Now, I have a follow up question, if you don't mind. I am now trying to run slurm, and it crashes:

[root at roos21 ~]# systemctl status slurm.service

● slurm.service - LSB: slurm daemon management

   Loaded: loaded (/etc/rc.d/init.d/slurm; bad; vendor preset: disabled)

   Active: failed (Result: protocol) since Tue 2020-06-02 11:45:33 CEST; 3min 33s ago

     Docs: man:systemd-sysv-generator(8)

Jun 02 11:45:33 roos21.organ.su.se systemd[1]: Starting LSB: slurm daemon management...

Jun 02 11:45:33 roos21.organ.su.se slurm[18223]: starting slurmd: [  OK  ]
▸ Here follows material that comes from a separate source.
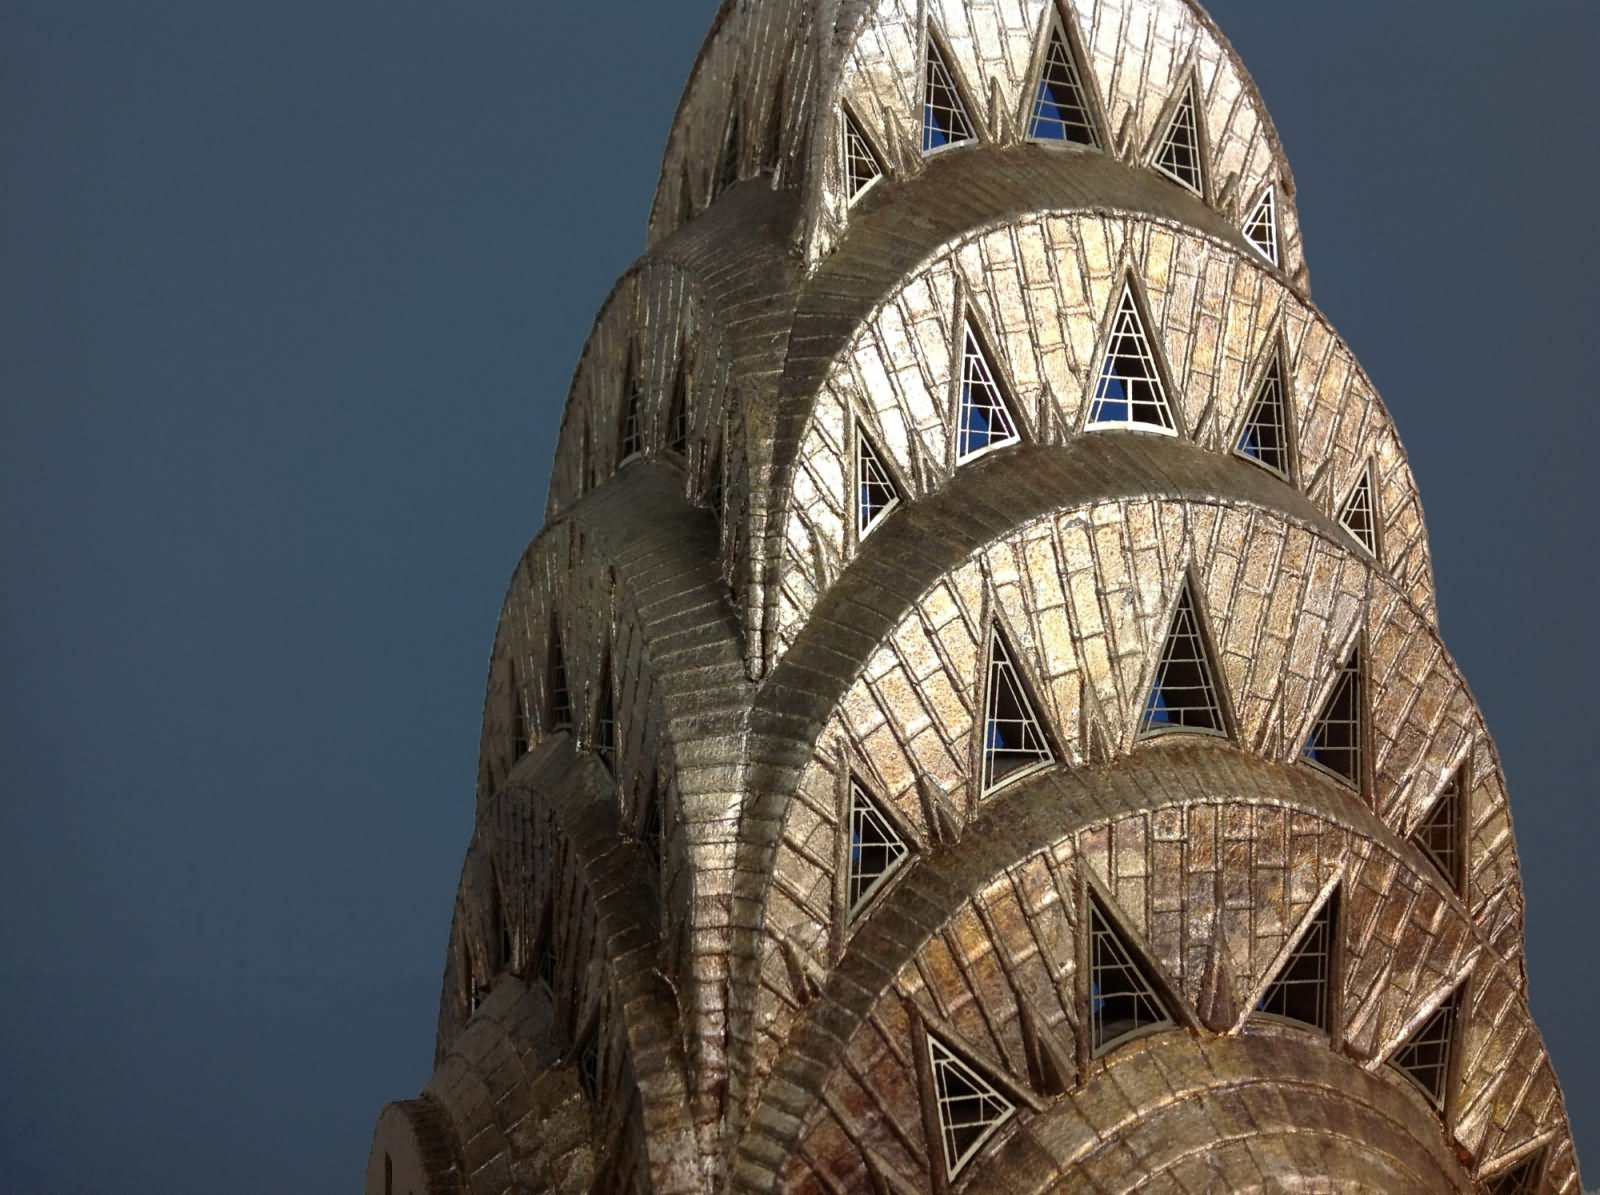 Closeup Image Of The Chrysler Building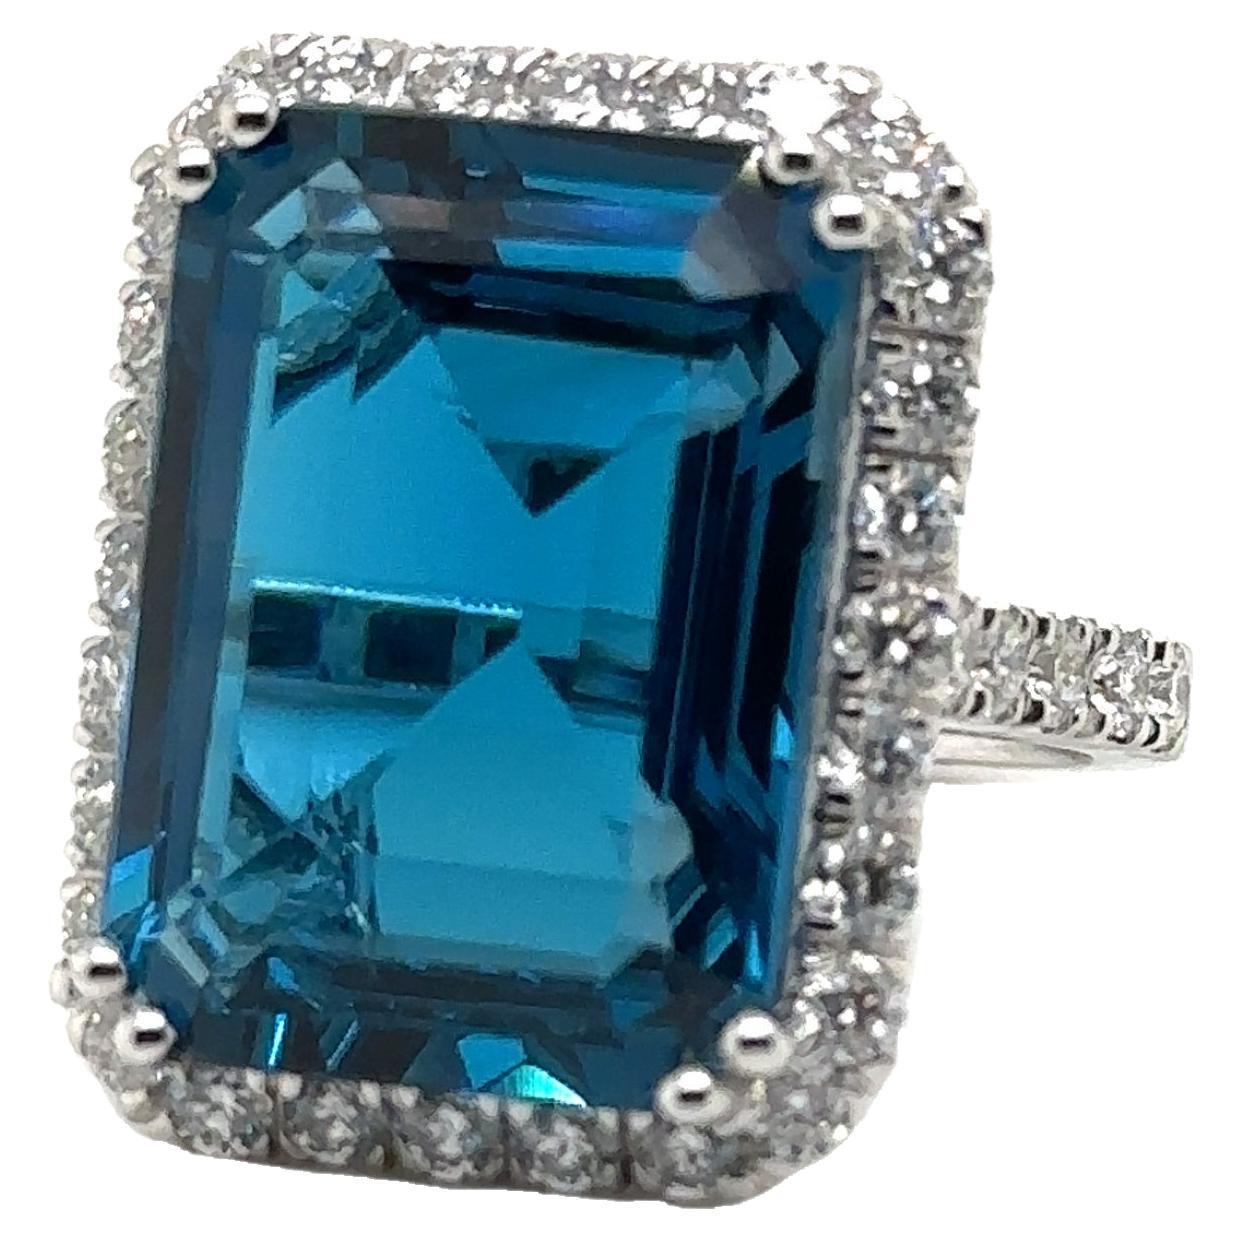 JAS-21-2245 - 14K WG 1.25ct GH-SI1 DIAMONDS & EMERALD CUT LONDON BLUE TOPAZ RING For Sale

Jun 02 11:45:33 roos21.organ.su.se systemd[1]: Can't open PID file /var/run/slurmctld.pid (yet?) after start: No such file or directory

Jun 02 11:45:33 roos21.organ.su.se systemd[1]: Failed to start LSB: slurm daemon management.

Jun 02 11:45:33 roos21.organ.su.se systemd[1]: Unit slurm.service entered failed state.

Jun 02 11:45:33 roos21.organ.su.se systemd[1]: slurm.service failed.

The thing is that this is a computing node, not the master node, so slurmctld is not installed. Why do I get this error?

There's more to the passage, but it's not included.